-
Notifications
You must be signed in to change notification settings - Fork 3.1k
Description
Found as part of working on #32599
Rancher Server Setup
- Rancher version:
master-head
- Installation option (Docker install/Helm Chart):
rancher/rancher
code running locally against k3s cluster
Information about the Cluster
- Kubernetes version: v1.19.8+k3s1 (upstream), v1.21.3+rke2r1 (downstream)
Describe the bug
Following restore of backed up cluster with RKE2-provisioned downstream cluster, fleetagent
running on downstream cluster fails to communicate back to Rancher server as evident by 401s responses to requests it sends to Rancher API as shown below:
To Reproduce
- Provision DigitalOcean RKE2 downstream cluster. The issue may not require RKE2-provisioned cluster, but was found with it.

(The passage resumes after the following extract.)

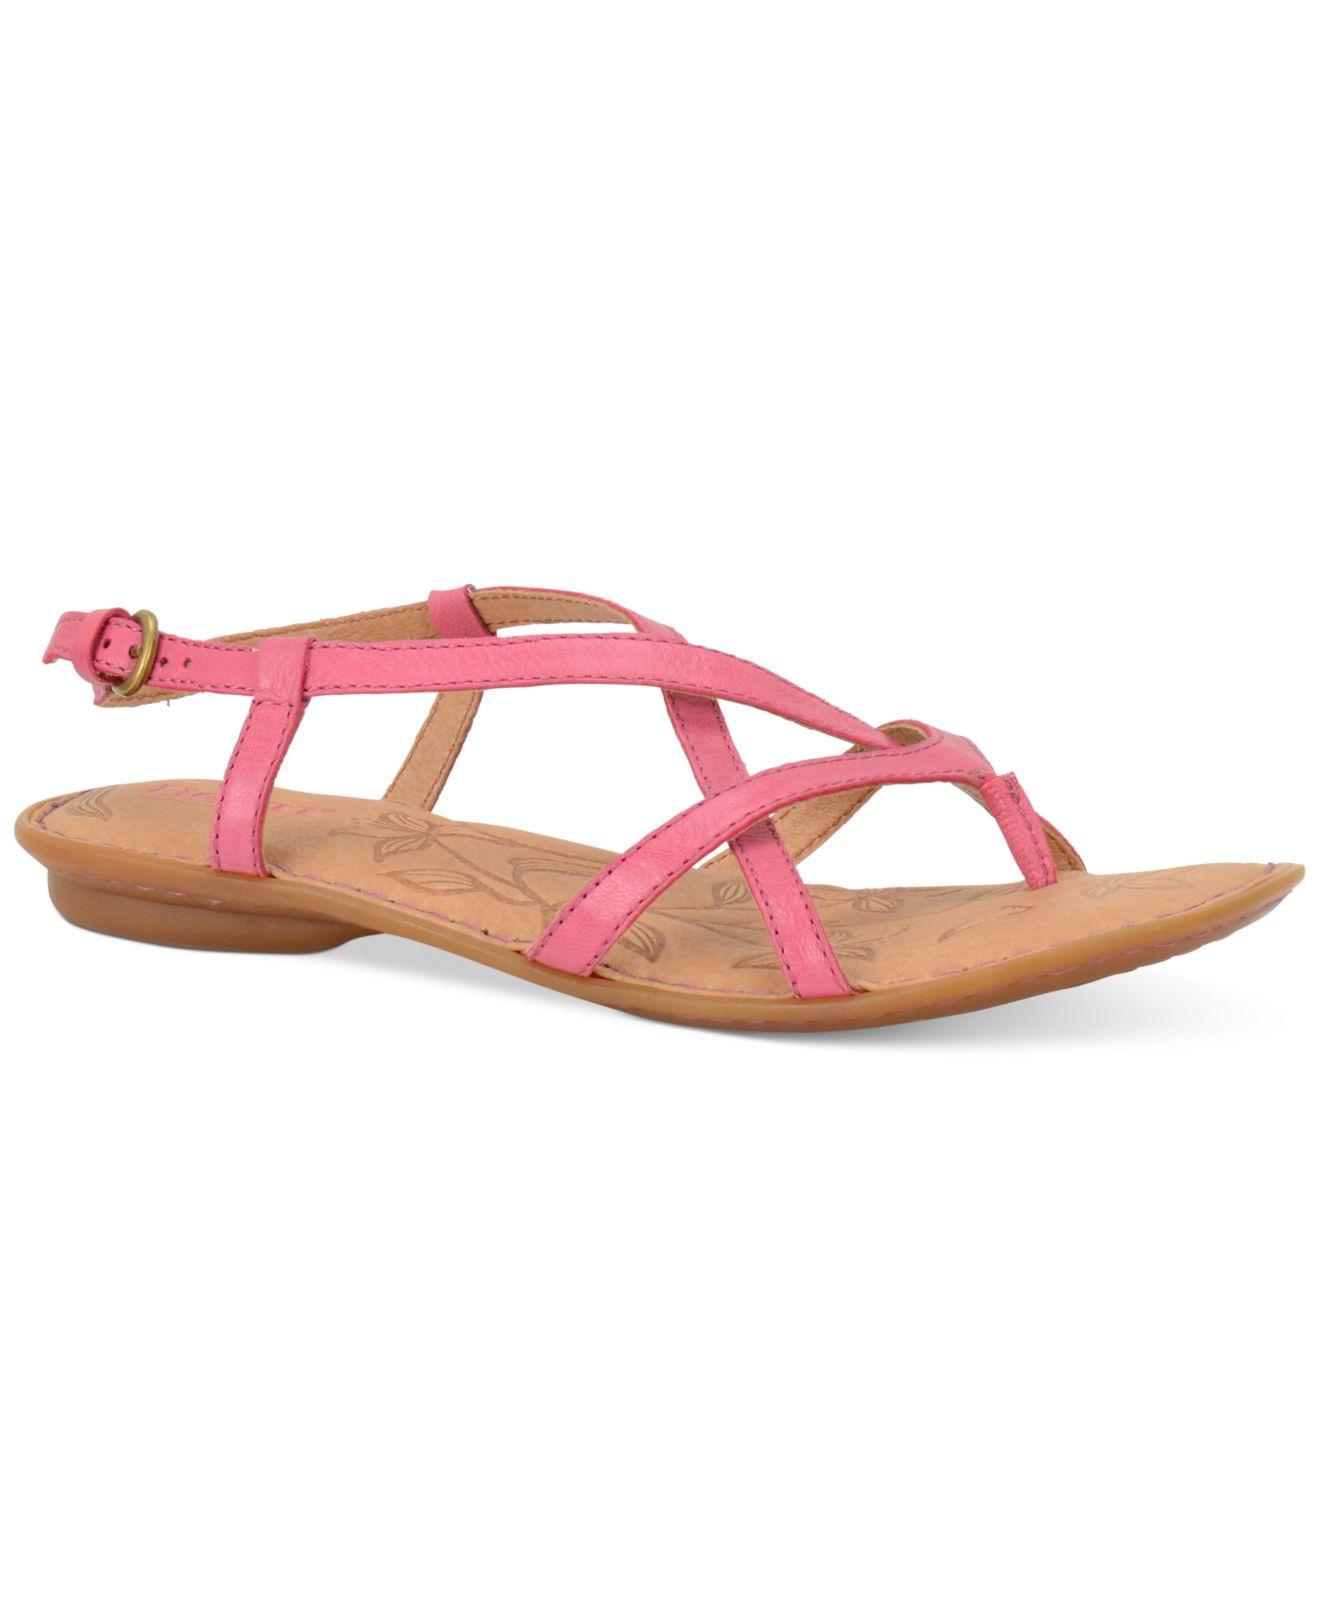 642faeb40d2e Lyst - Born Mai Flat Sandals in Pink

- Using "Rancher Backup" app perform a backup of the cluster. Note that restore of RKE2-provision clusters is being worked on as part of RKE2 Provisioning: Backup - Support Rancher backups with RKE2 provisioned clusters #32599 and so far the following needs to be added to Backup/Restore resourceset to backup related objects:
# Added for v2 provisioning
- apiVersion: apiextensions.k8s.io/v1
kindsRegexp: .
resourceNameRegexp: provisioning.cattle.io$|rke-machine-config.cattle.io$|rke-machine.cattle.io$|rke.cattle.io$
- apiVersion: provisioning.cattle.io/v1
kindsRegexp: .
- apiVersion: rke-machine-config.cattle.io/v1
kindsRegexp: .
- apiVersion: rke-machine.cattle.io/v1
kindsRegexp: .
- apiVersion: rke.cattle.io/v1
kindsRegexp: .
- apiVersion: apiextensions.k8s.io/v1
kindsRegexp: .
resourceNameRegexp: cluster.x-k8s.io$
- apiVersion: cluster.x-k8s.io/v1alpha4
kindsRegexp: .
# The below will backup unnecessary default-token-... secret
- apiVersion: v1
kindsRegexp: ^secrets$
namespaces:
- fleet-default
- Follow the instructions to restore Rancher to a new cluster per https://rancher.com/docs/rancher/v2.x/en/backups/v2.5/migrating-rancher/ (ensure source upstream cluster and Rancher is stopped).
Result
After starting Rancher against the restored cluster there are 401-code responses to requests sent by fleetagent
as per the screenshot above. This indicates fleetagent
is unable to communicate to the upstream Rancher server.
Expected Result
fleetagent
communicates back to upstream Rancher without issues.
Additional context
The issue is almost certainly caused by fleetagent
on downstream cluster persisting token from secret associated to a service account on upsteam cluster. Following restore, this token is no longer valid. Unfortunately, there doesn't seem to be a way to migrate service accounts to a new cluster in a way that token generated on the source cluster to remain valid (https://stackoverflow.com/q/65580643/16564280).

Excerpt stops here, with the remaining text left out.